If god came down to earth, he’d have to take the form of Morgan Freeman. At this point, anything less would be disappointing.

@ryaninco

Just gave all of my money to Charity, she gives a hell of a lap dance.

@ArfMeasures

COP: There’s been a murder
BATMAN: I won’t rest until I avenge them
C: It’s outside of Gotham
B: Actually I have got a lot on at the moment

@TweetPotato314

[Folding my wife’s laundry after 7 years]

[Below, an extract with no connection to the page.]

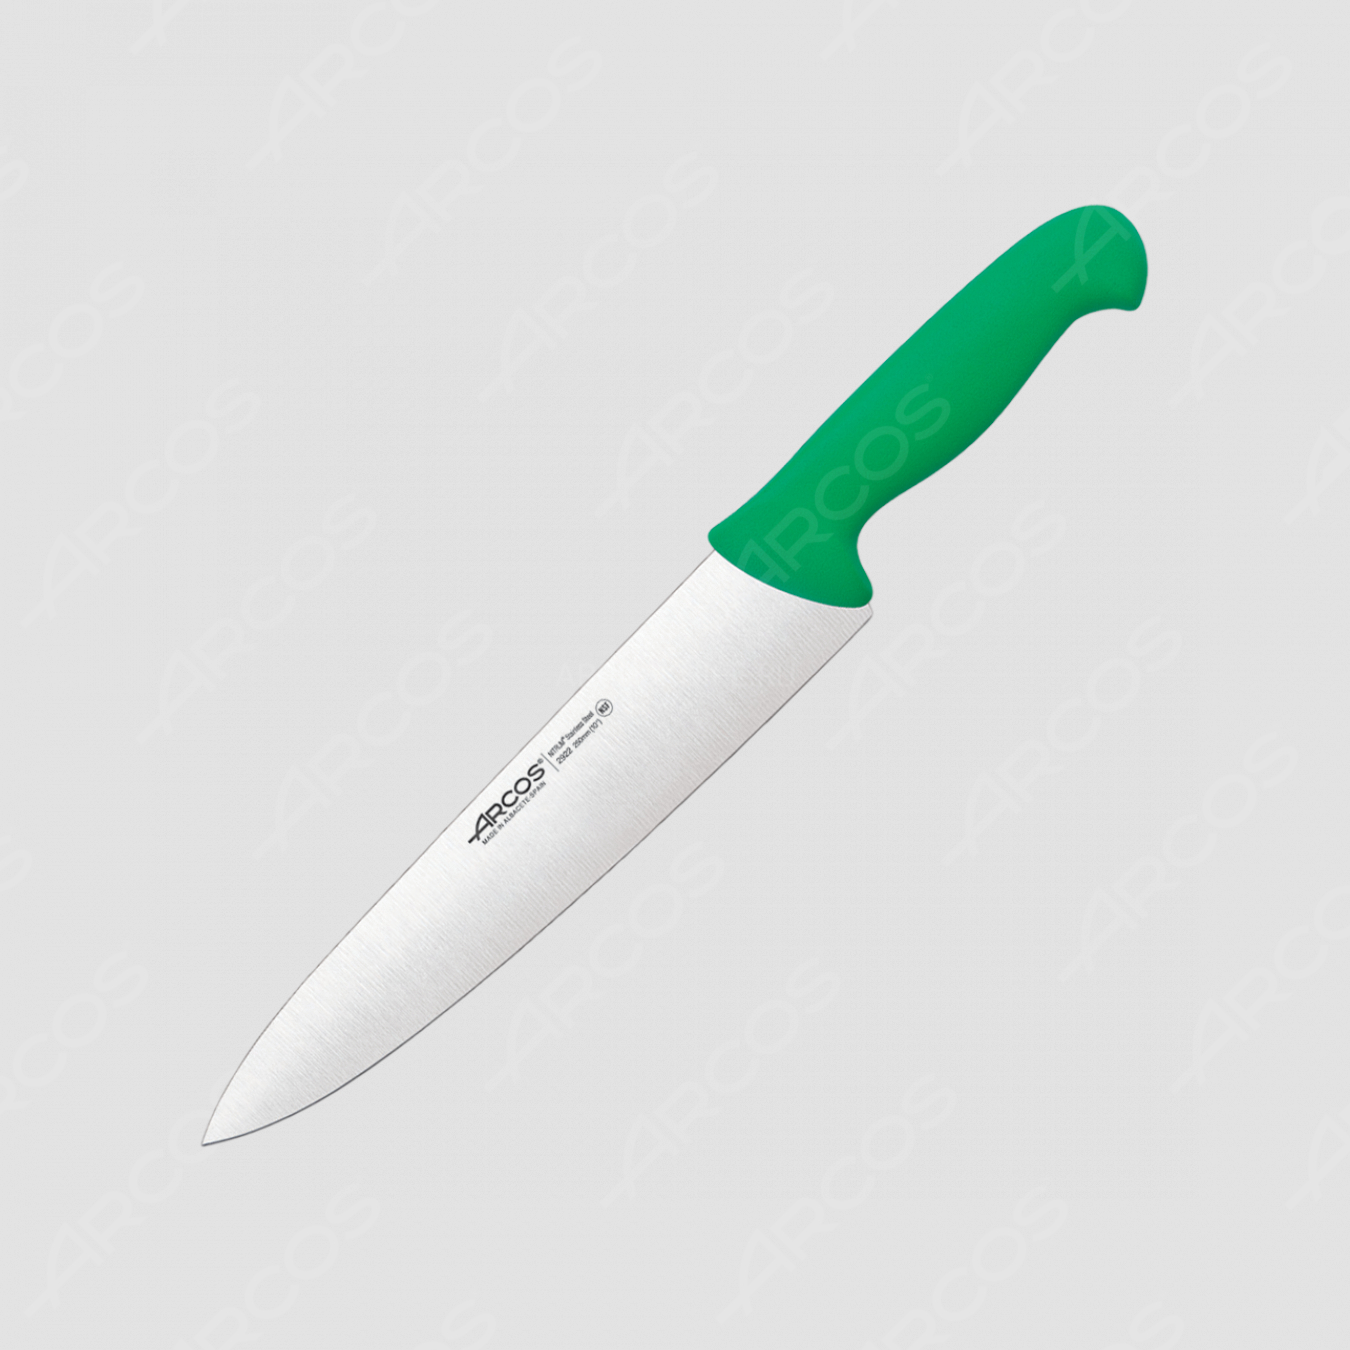 Профессиональный поварской кухонный нож 25 см, рукоять зеленая, серия 2900, ARCOS, Испания
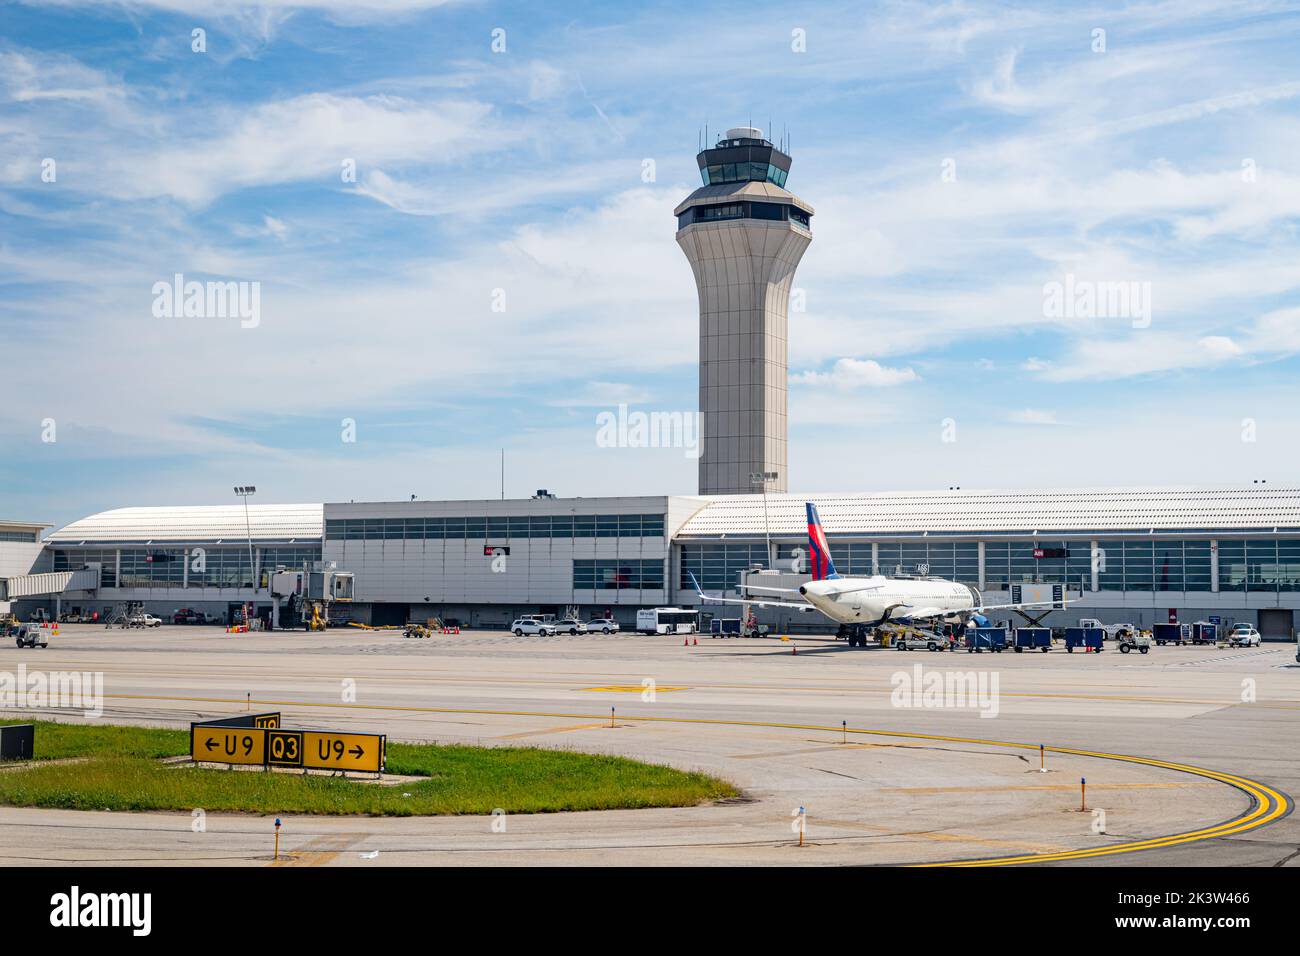 Ein Delta Airlines Airbus A321-211 parkte vor dem Terminal und dem Control Tower am Detroit Metropolitan Wayne County Airport (DTW) in Detroit, Mic Stockfoto

Pile 1 – I have folded these correctly
Pile 2 – I think I have folded these correctly
Pile 3 – I have no idea how to fold these
Pile 4 – I don’t even know what these are

@briancthayer

*gazing at the ocean*
God: I told you NOT to leave the water on while we were on vacation.
Angel: I’m sorr-
God: SORRY DOESN’T FIX THIS MESS

@jergarl

After walking 500 miles and then 500 more, it turns out the door was mediocre at best. 3/5 stars.

@JodingersCat

Psssst … Hey buddy … One hit of this stuff’ll take you right back to ’79

*slides over packet of Pop Rocks*

@Wine_honey1

Relationship Status: Just asked the bag of Doritos laying in bed next to me if they had enough room

@mydmac

*escorted from Starbucks

I SWEAR, I LEFT MY SCARF IN THE CAR!